■ REQUIREMENT
Return all the data verbatim but without images.

Records drawn from a dataset
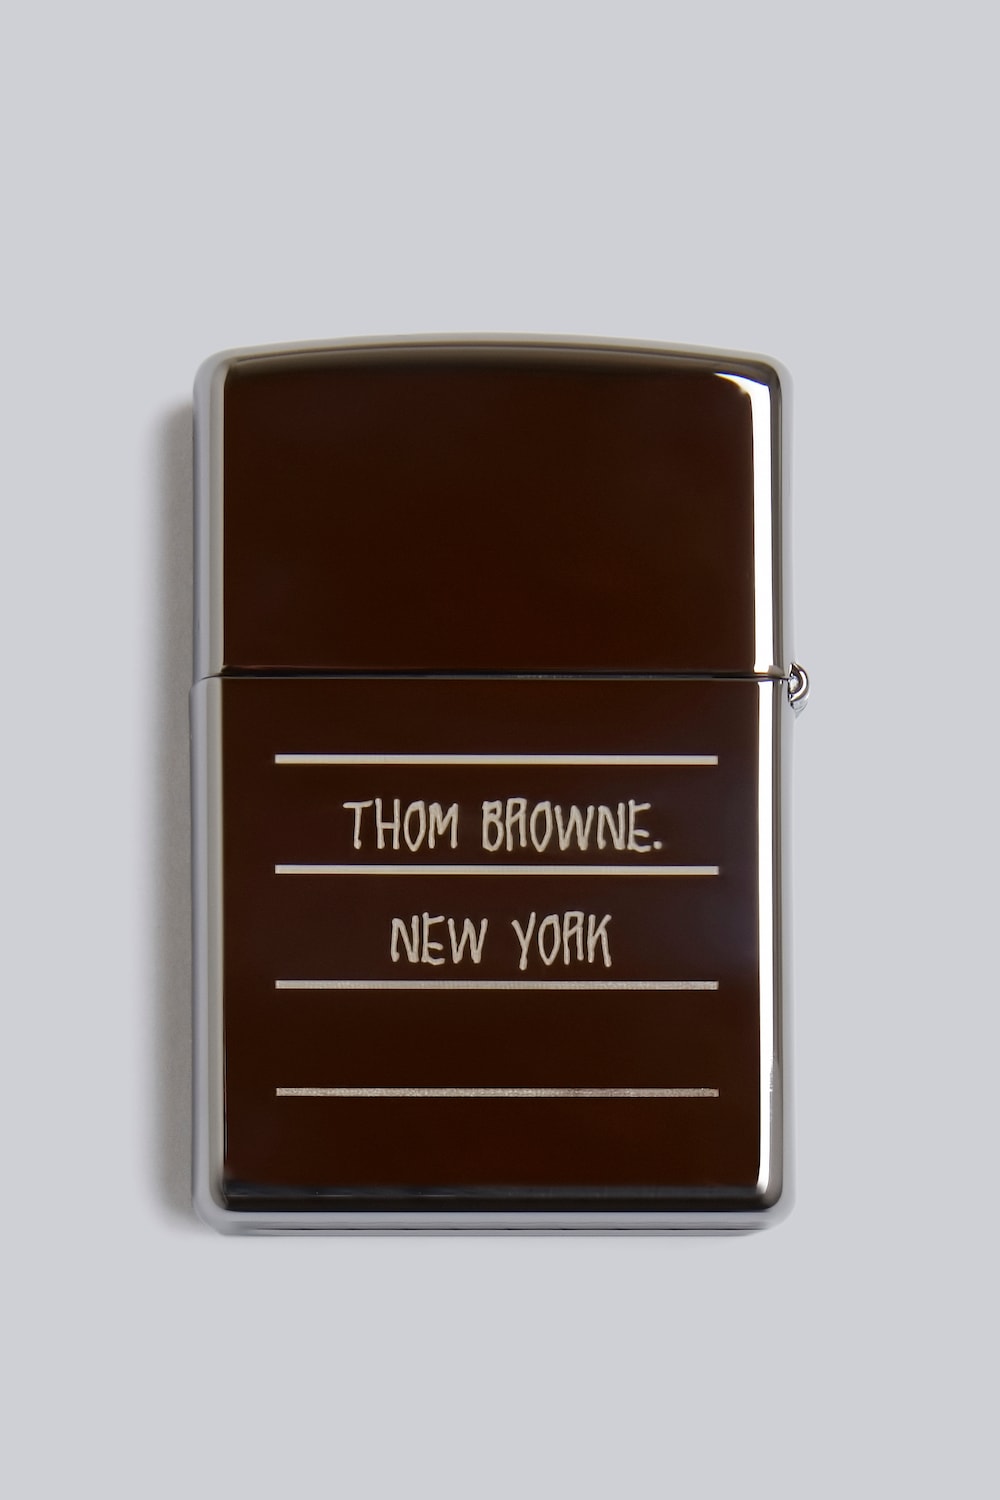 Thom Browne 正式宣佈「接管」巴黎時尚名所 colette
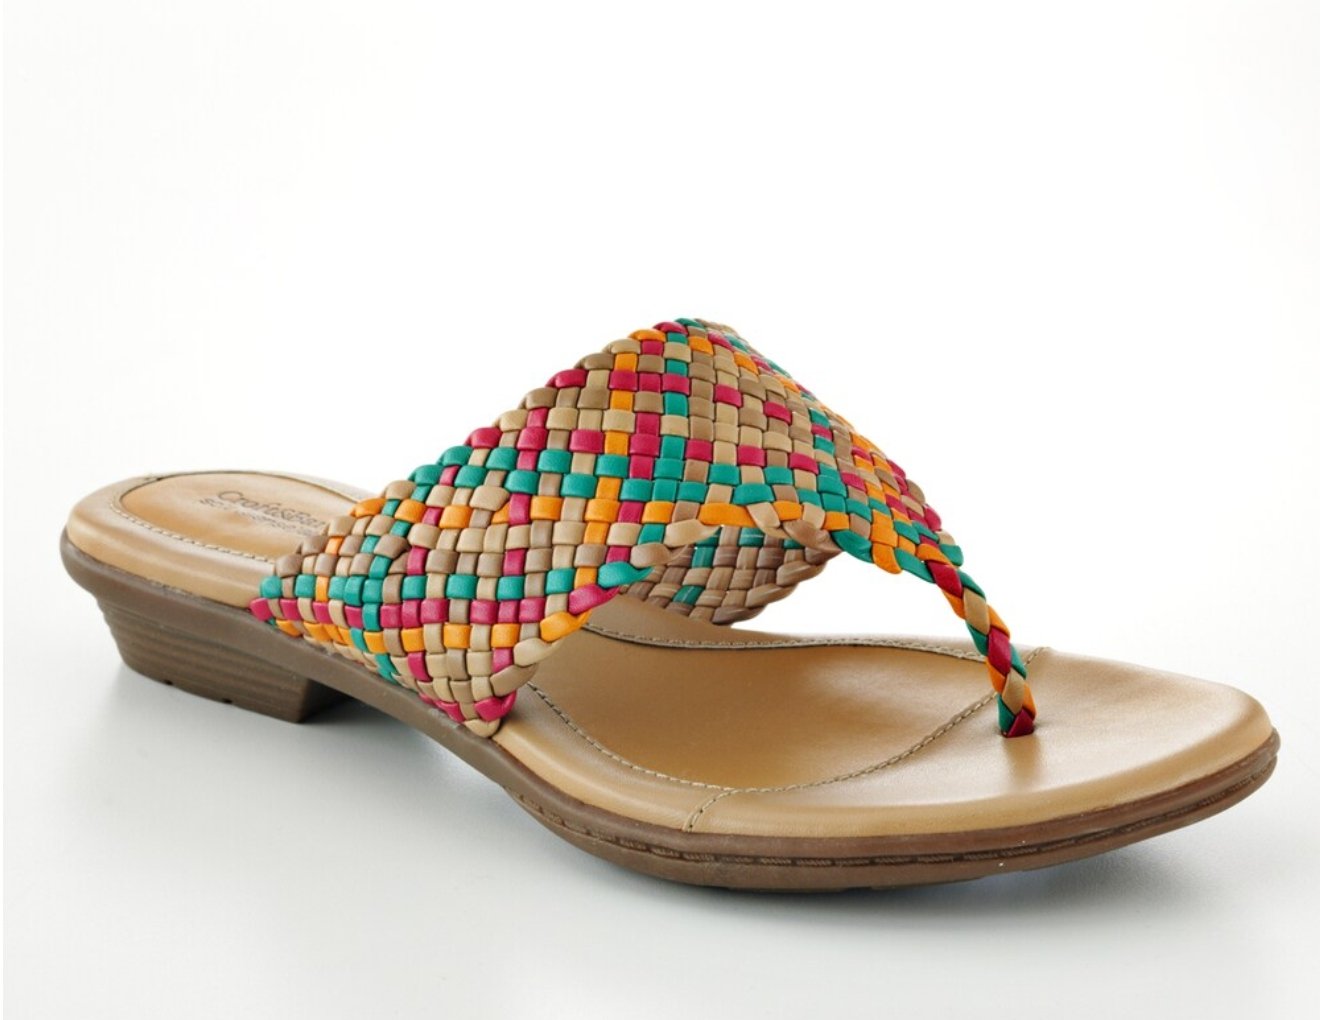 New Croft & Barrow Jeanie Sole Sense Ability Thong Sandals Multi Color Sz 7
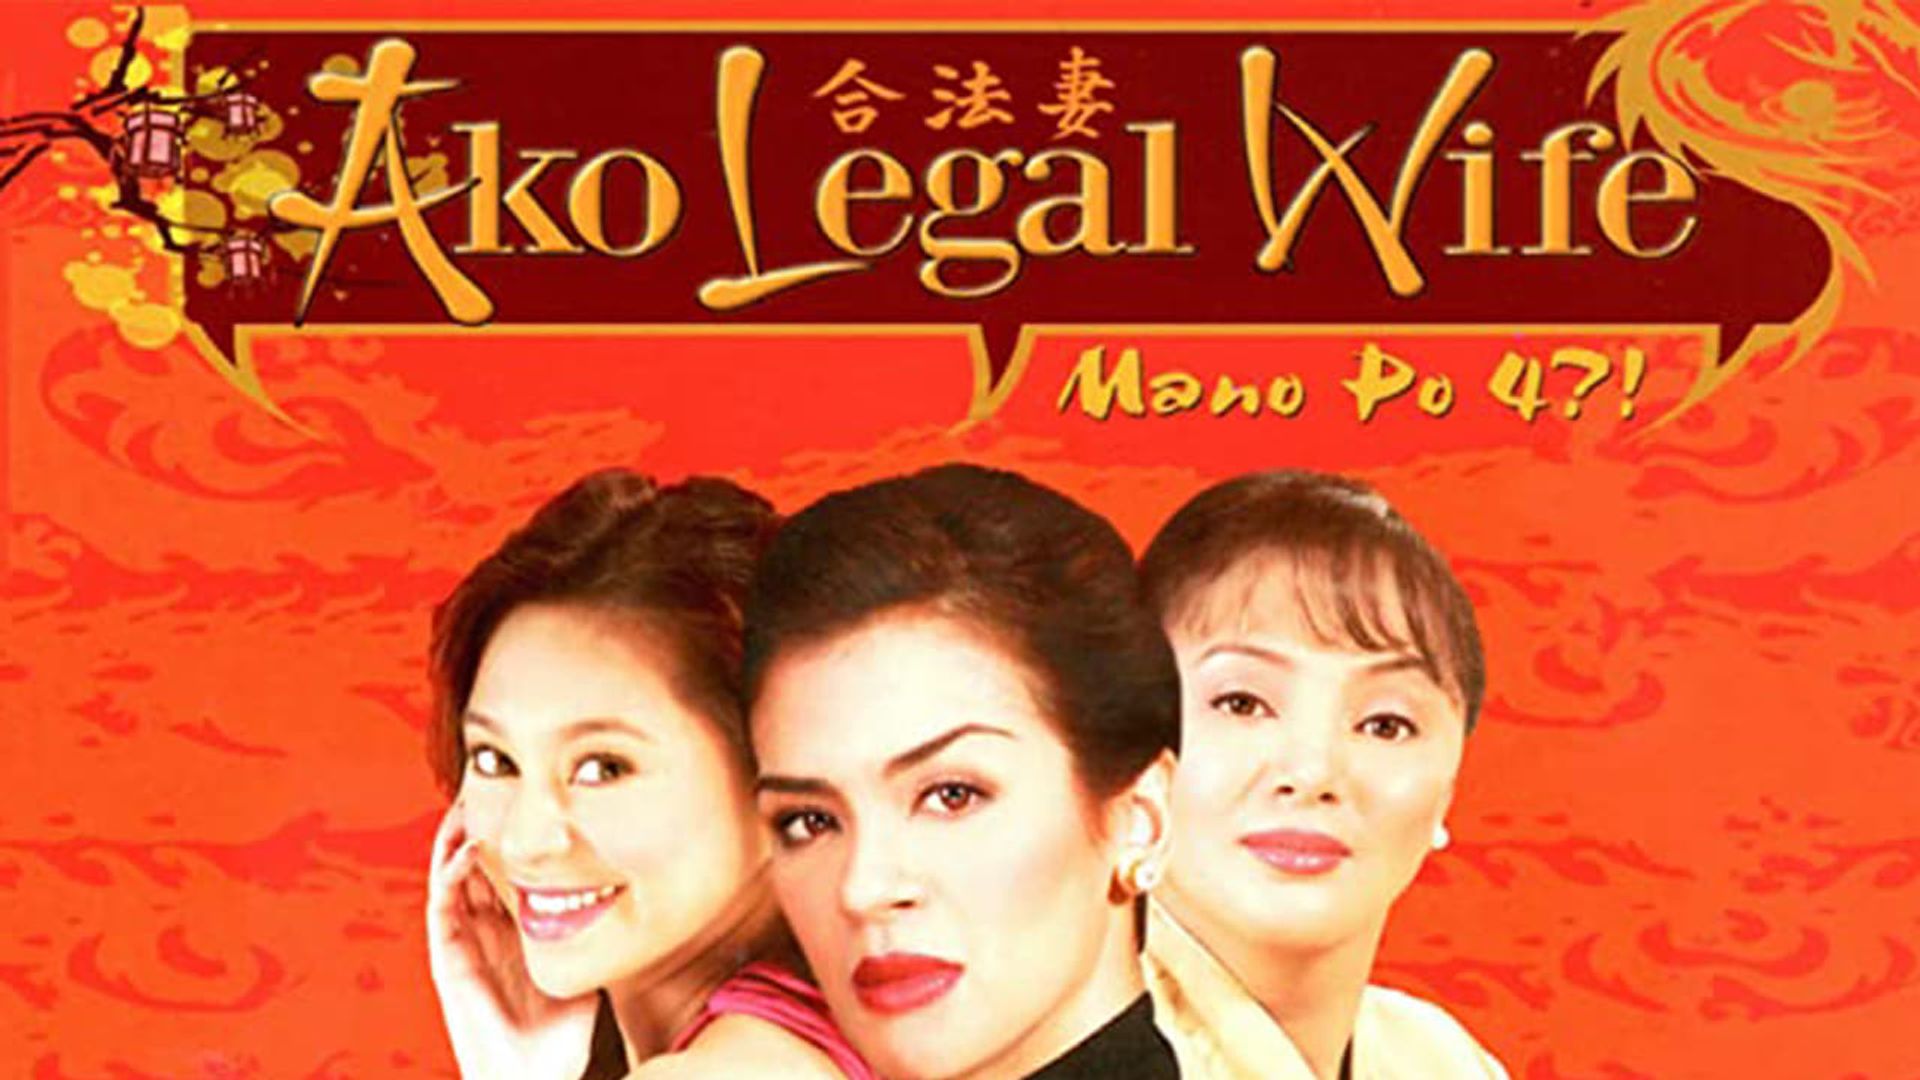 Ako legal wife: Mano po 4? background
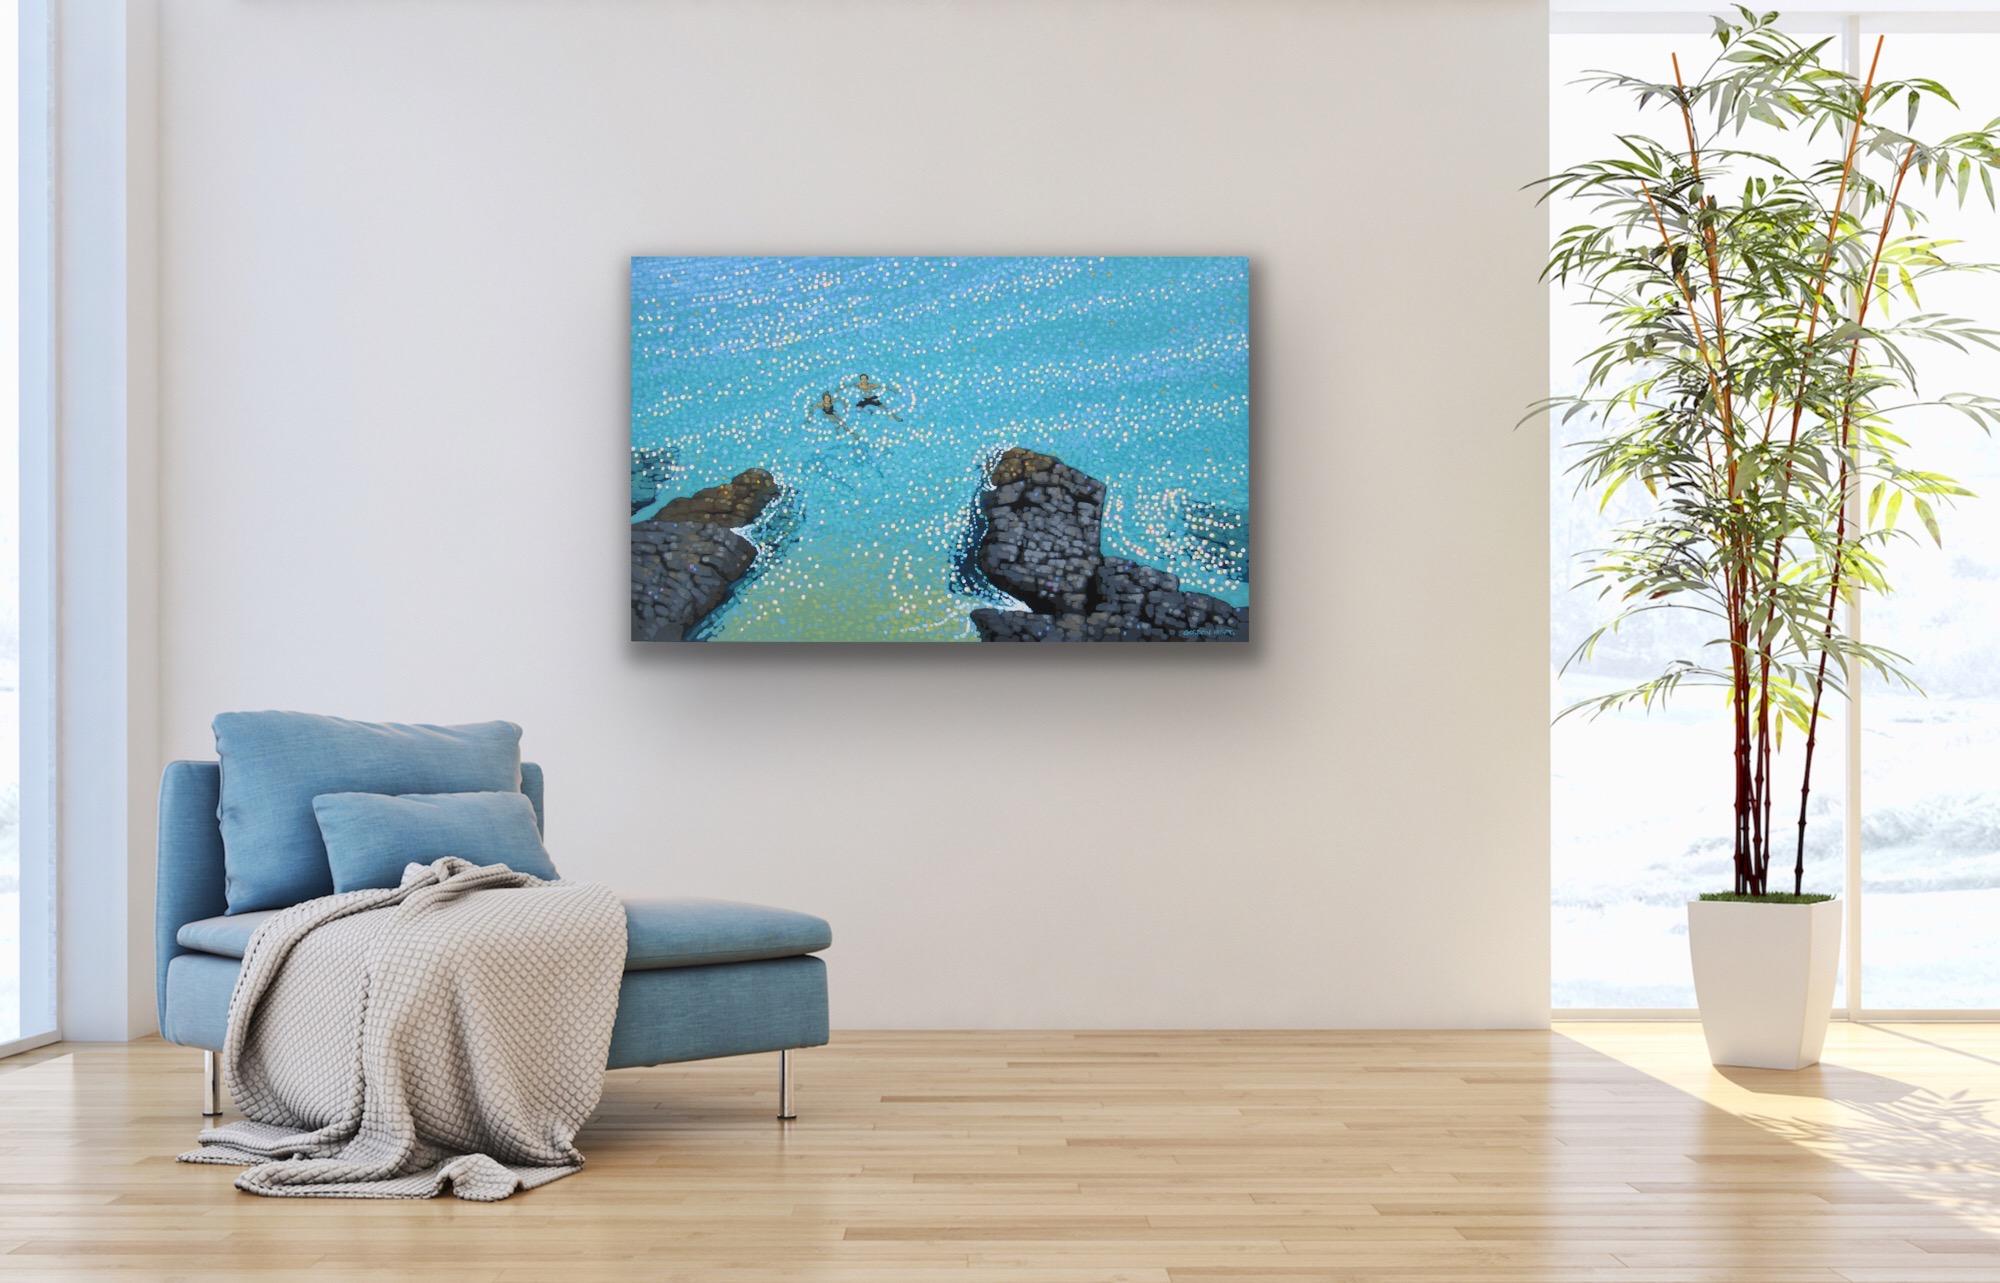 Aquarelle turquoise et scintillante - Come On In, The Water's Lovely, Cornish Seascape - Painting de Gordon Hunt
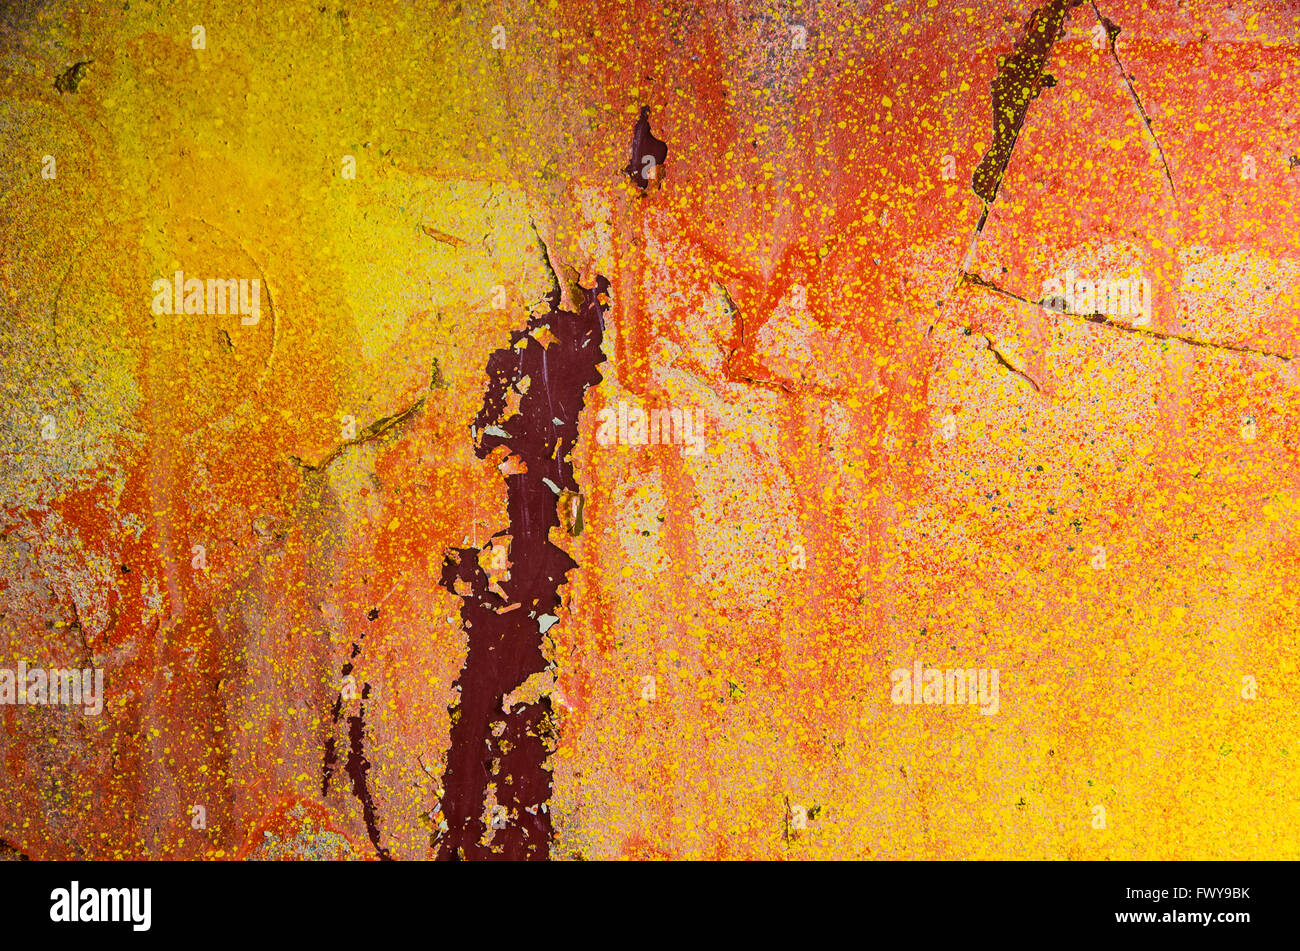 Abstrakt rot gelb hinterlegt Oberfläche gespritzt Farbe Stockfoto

■ EXERCISE RESPONSE
 Thom Browne 正式宣佈「接管」巴黎時尚名所 colette
 New Croft & Barrow Jeanie Sole Sense Ability Thong Sandals Multi Color Sz 7
 Ako legal wife: Mano po 4? background
 Aquarelle turquoise et scintillante - Come On In, The Water's Lovely, Cornish Seascape - Painting de Gordon Hunt
 Abstrakt rot gelb hinterlegt Oberfläche gespritzt Farbe Stockfoto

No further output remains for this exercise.